Teens speaking up about sexual assault
The hallways of Tahoe Truckee High School buzz with chatter and gossip. A skinny brunette spills her books, a crowd of baseball players jest and shove, teachers stick close to the walls in an effort to pass unscathed through the chaos.
In many ways, Truckee High is like every other high school in America.
And like every other high school in America, there are words and actions being exchanged in those hallways and classrooms that are degrading students’ comfort and ease. Young men, and sometimes women, are crossing the line, say students at Truckee High.
“There have definitely been very uncomfortable situations here,” said Shelby Lewis, a sophomore at Truckee High. “And there is sexual assault ” it’s here, it just took someone pointing it out for us to realize.”
Educators and prevention teams from Tahoe Women’s Services, a North Shore and Truckee nonprofit that works to end abuse against women and children, have delivered the message about abuse to students of all ages for years.
From those efforts stemmed the Teen Speakers Bureau, a group of Truckee High students who speak to their peers about such topics as sexual harassment, sexual abuse, domestic violence and fostering healthy relationships. The group formed with a boost of nearly $4,300 from the Truckee Tahoe Community Foundation.

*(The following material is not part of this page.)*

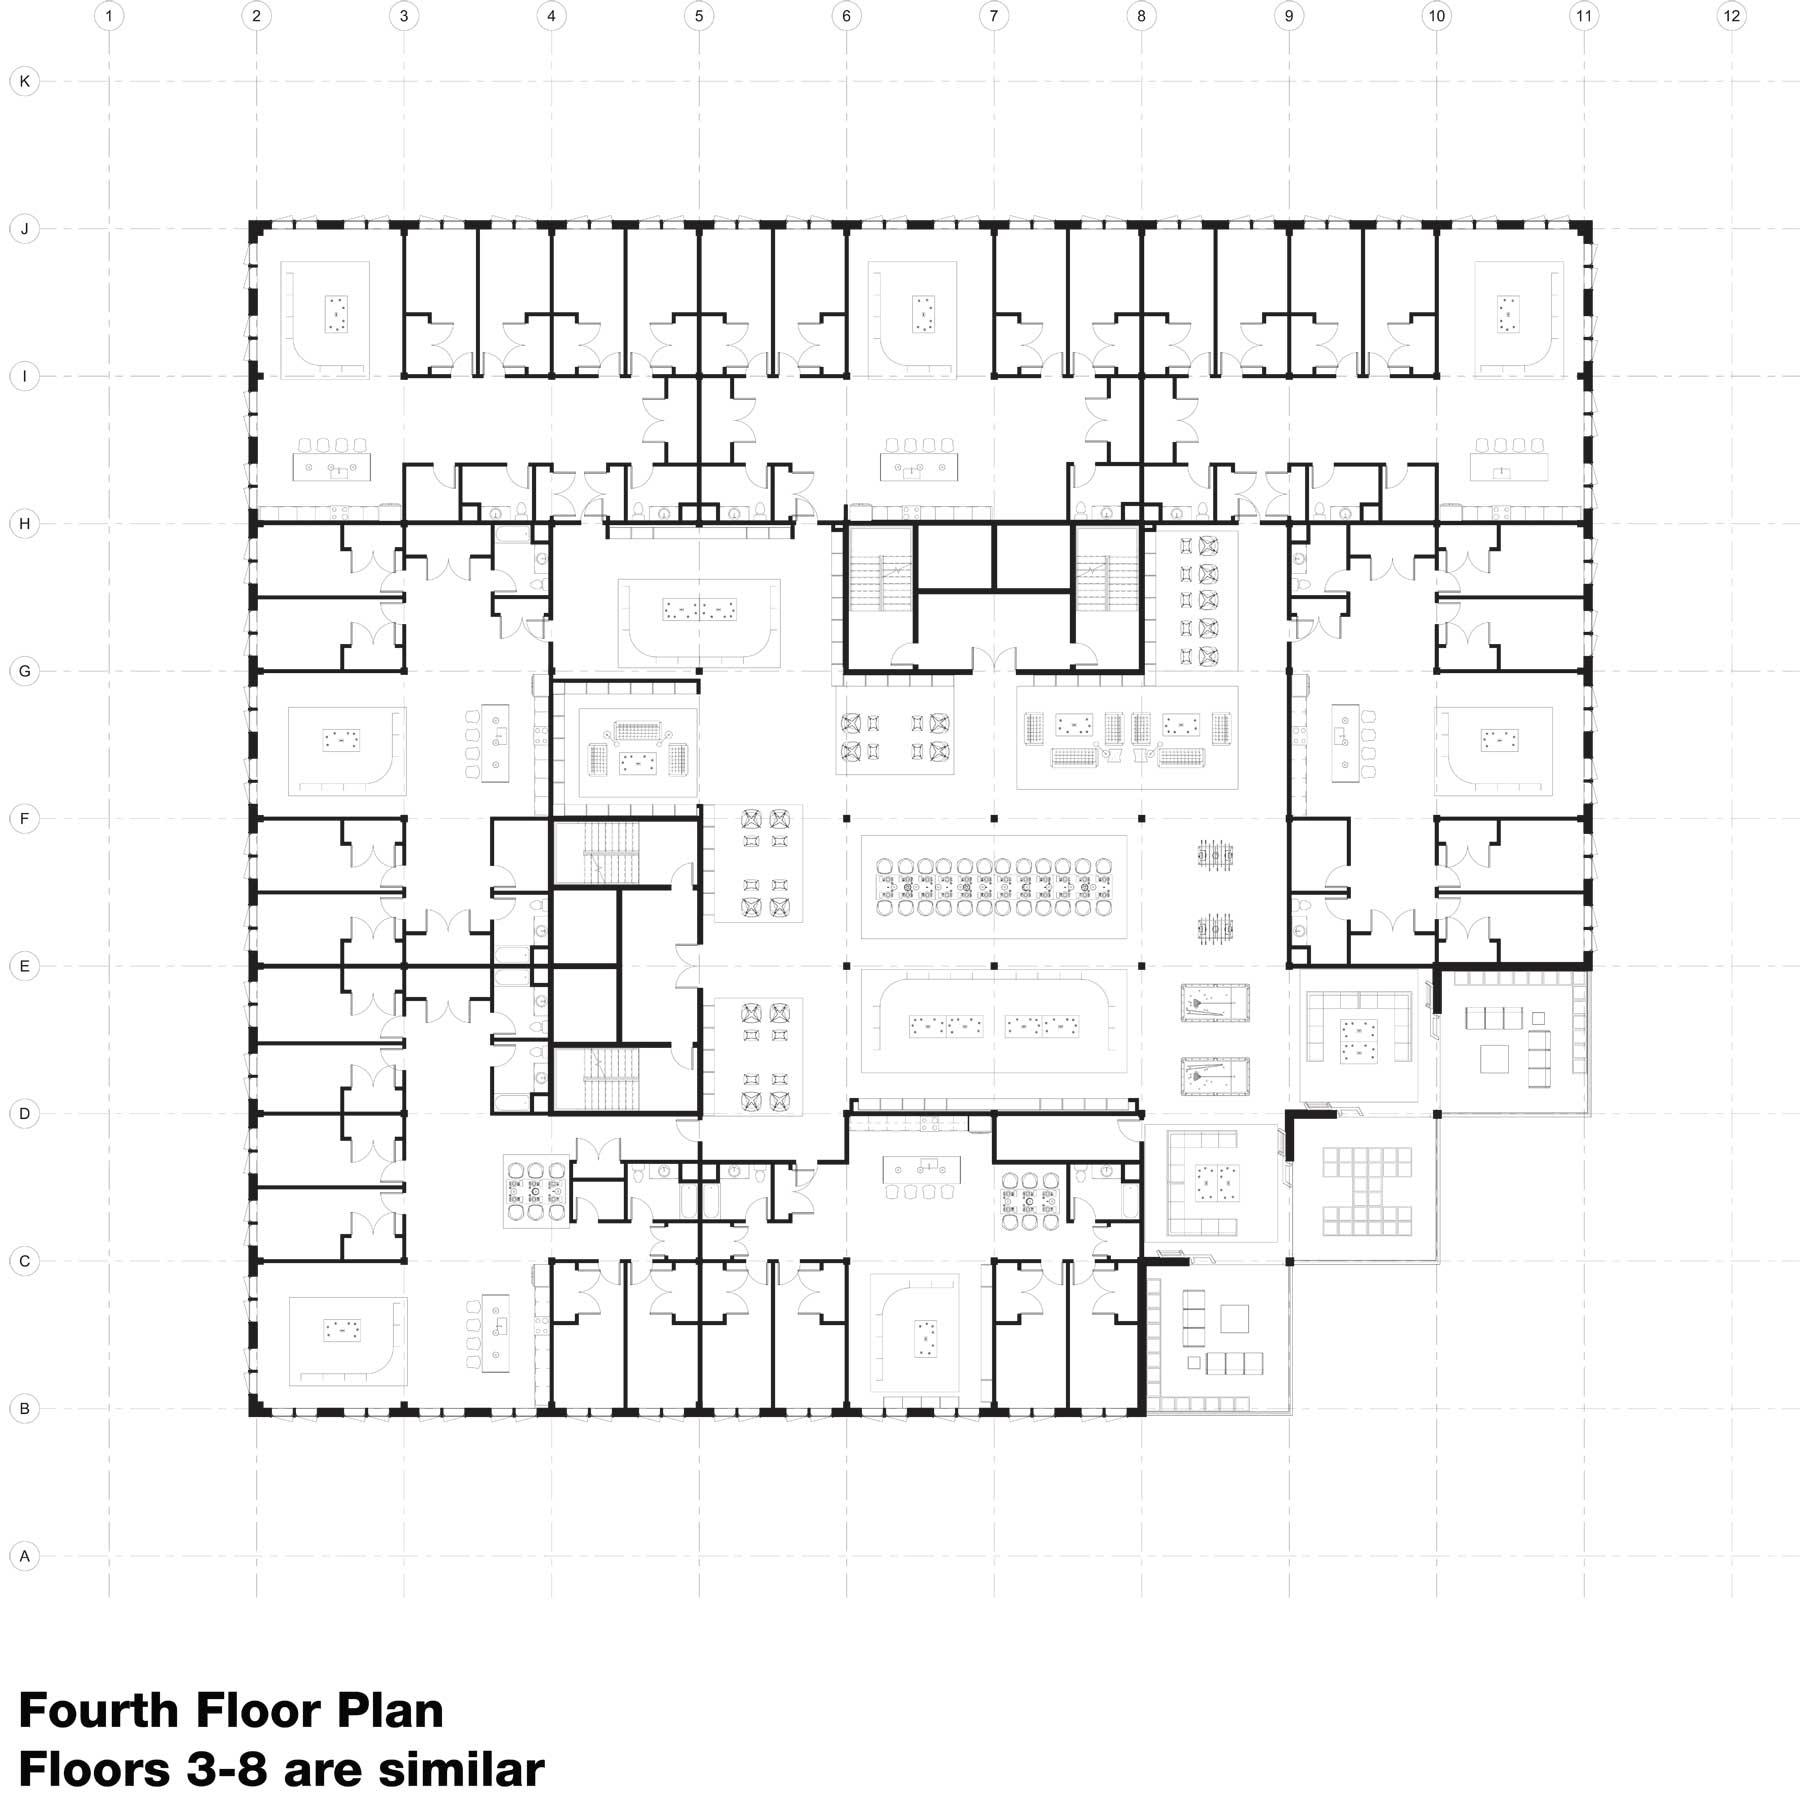 30x30-Intergenerational-Co-Living-4th-Floor-Plan.jpg

“If a kid can stand up and talk about these topics, then their peers will listen,” said Aimee LaFayette, an AmeriCorps volunteer who works for Tahoe Women’s Services and leads the teen bureau. “It conveys the messages successfully.”
The 10 members of the Teen Speakers Bureau, all female by circumstance, facilitate presentations at other Truckee schools and fundraise through community projects, such as selling awareness bracelets and pins. The money they raise is used to purchase educational supplies for their group or for women and children assisted by Tahoe Women’s Services.
“I feel that just by talking to my friends about [the issues], I’m making a difference,” Lewis said.
“It’s chipping away one piece at a time; it’s a step,” added sophomore Sophie Sparksworthy, also a member of the bureau.
“And each step is important,” Lewis said. “It’s a long process and only time and consistency will get it solved.”